14. A message transmission system (1), comprising a message transmitting device (10) according to claim 11.

Description:

The invention relates to a method of sending a message from a sender to a recipient.

Moreover, the invention relates to a message rendering device capable of performing motion and to a message transmitting device for transmitting a message to such a message rendering device. Furthermore, the invention relates to a message transmission system, comprising such a message transmitting device and such a message rendering device.

Since the development of online user-groups and chat-rooms a few decades ago, messaging systems, which allow users to communicate by exchanging messages, have been enjoying a continual growth in user acceptance, particularly with the rapid expansion of the world wide web and the internet. Other messaging systems allow users to send messages by means of, for instance, telephones or mobile telephones.

The early messaging scenario, involving a user typing in his message by means of a keyboard, and the message subsequently appearing in written form on the destination user's PC, is quickly becoming out-dated as messaging systems use the increased bandwidth available to send video as well as audio message content. Today, messages with incorporated items are in widespread use, e.g. emails in HTML format with included images, emails containing audio data or movies, MMS messages etc. These additional features are closely coupled to the medium used for conveying the message to the user, i.e. embedded sound in phone messages, images in emails shown on a computer screen etc. In the past, it has been common that nearly all possibilities of a messaging medium have been used to enhance the experience when receiving a message. An example is an avatar on the screen moving according to the content of the message, which is described in WO 2004/0795390 A1. In this concept the avatar may perform an animation selected from a number of predefined animations depending on the message.

It is an object of the invention to provide a method of sending a message as well as a message transmitting device, a message rendering device and a message transmission system, to further enhance the experience for the recipient when receiving a message.

To this end, the present invention provides a method of sending a message from a sender to a recipient in which a record content of the message is recorded and supplemented with motion control content, where the message is transmitted from a transmitting device of the sender to a message rendering device of the recipient, which message rendering device is capable of performing motion and where the message rendering device is controlled—while presenting the message to the recipient—according to the motion control content to perform defined motion synchronised to a presentation of the record content of the pertinent message.

The “record content” of the message can basically be any further content not pertinent to the motion of the message rendering device, such as a message in text form for showing on a display on the message rendering device or for converting to an audible speech output.

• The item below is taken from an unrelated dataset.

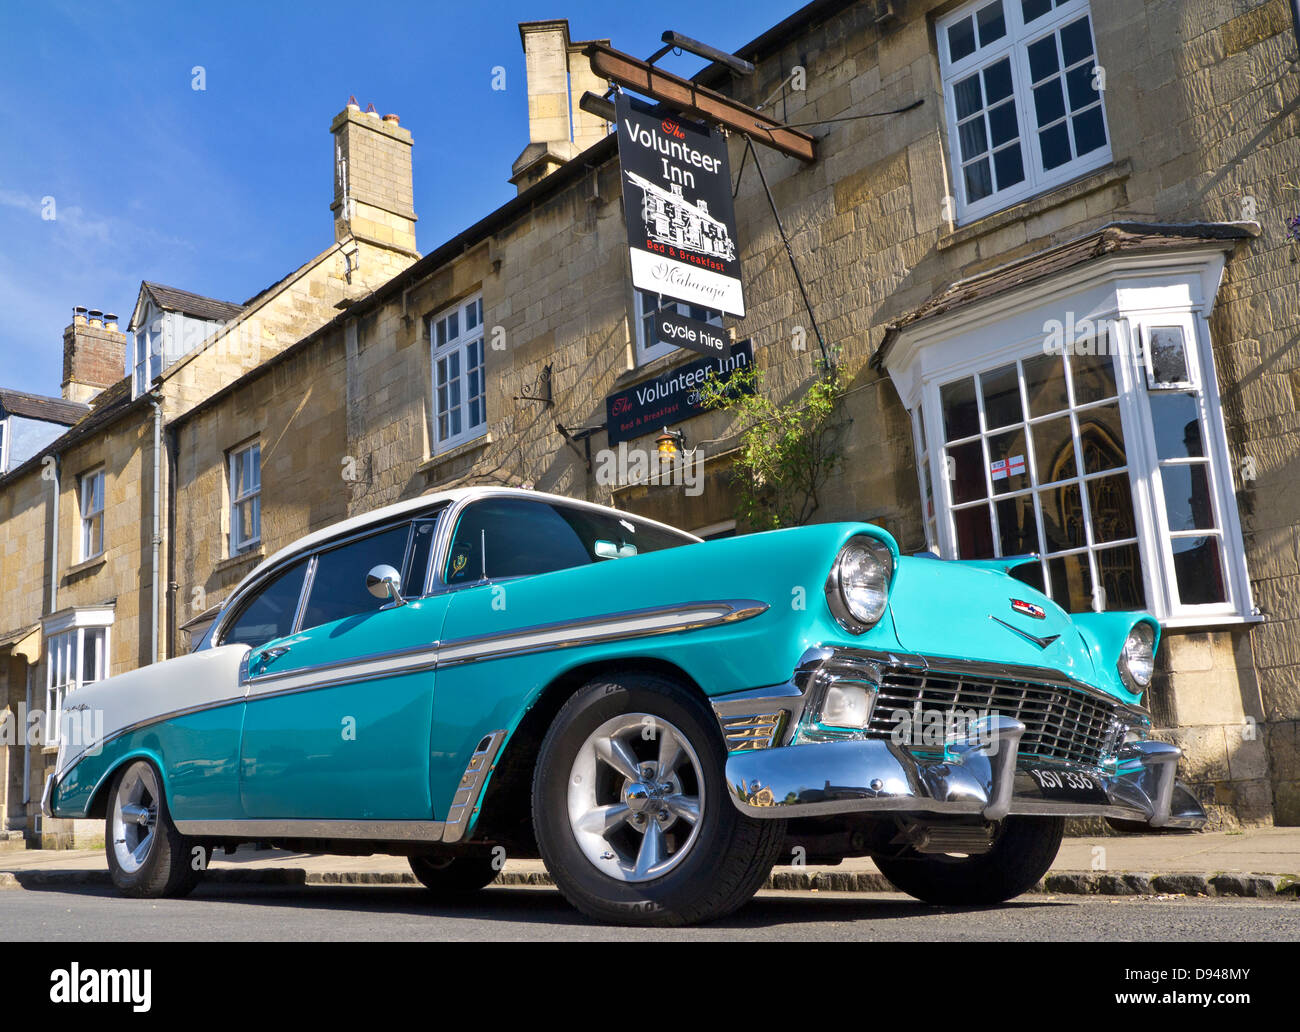 1950's/60's Chevrolet Bel Air Hardtop American classic car outside a Cotswolds B&B public house Stock Photo

The record content can also comprise recorded audio or video data, recorded in any suitable manner using, for example, with a microphone, webcam, or similar. A “recording” can also mean that a message is generated partially automatically by the sender by means of control commands (for example an out-of-office message), or entirely automatically.

The term “motion” can mean any movement of the entire message rendering device or—in the case of a message rendering device comprising several parts—a “robot part” of this message rendering device, by means of which the device or robot part moves from one location to another. The term “motion” can also mean movement of certain parts of the message rendering device or robot part, i.e. that certain gestures are performed.

Together with the rest of the message content, the synchronised output of movements according to the invention allows the communication of choreographic elements. Thereby, the experience of message reception is greatly enhanced. In this way, for example, an actual embrace or polite gestures such as a bow can be communicated along with the message. This opens up an entirely new dimension in message transfer in which all modes of communication generally used by humans in their interactions are taken into consideration.

An appropriate message transmitting device for transmitting a message—according to the invention—to a message rendering device capable of performing motions, should comprise a message recorder for recording a record content of the message, a motion control content generator for generating motion control content, a motion control content embedding unit for embedding the motion control content into the record content of the message, and a transmitter for transmitting the message to the message rendering device. Thereby, the motion control content generator and the motion control content embedding unit are realized so that the motion control content is generated and embedded in the record content of the message in such a way that the message rendering device, while presenting the message to the recipient, can be controlled according to the motion control content to perform defined motion synchronised to a presentation of the record content of that message.

Furthermore, an appropriate message rendering device should comprise a receiver for receiving a message from a message sending device, an outputting means, e.g. a display, and/or a loudspeaker, for presenting at least part of a record content of the message, and a motion means for performing motions of the body and/or parts of the body of the message rendering device. The term “body” can mean any kind of housing, and the term “body part” can mean any moveable part of the housing of the message rendering device or—in the case of a message rendering device comprising several parts—a “robot part” of this message rendering device. Moreover, a message rendering device according to the invention should comprise a message analysing unit for detecting motion control content in the message and a motion control unit for controlling, while presenting the message to the recipient, the motion means according to the motion control content to perform defined motions synchronised to a presentation of a record content of the pertinent message while presenting the pertinent message.

Systems with the capability for movement are already known. Examples are the AIBO dog robot from Sony, other robots like NEC's ASIMO, or the RoboSapiens. These devices are, or may be, capable of communicating with remote machines over networks. Therefore, they are, on principle, capable of receiving messages for a certain user, and delivering the message. For example, one of the features of the AIBO is the notification of the user if a new e-mail has arrived. With suitable additions, such a device could be relatively easily converted for message communication according to the invention.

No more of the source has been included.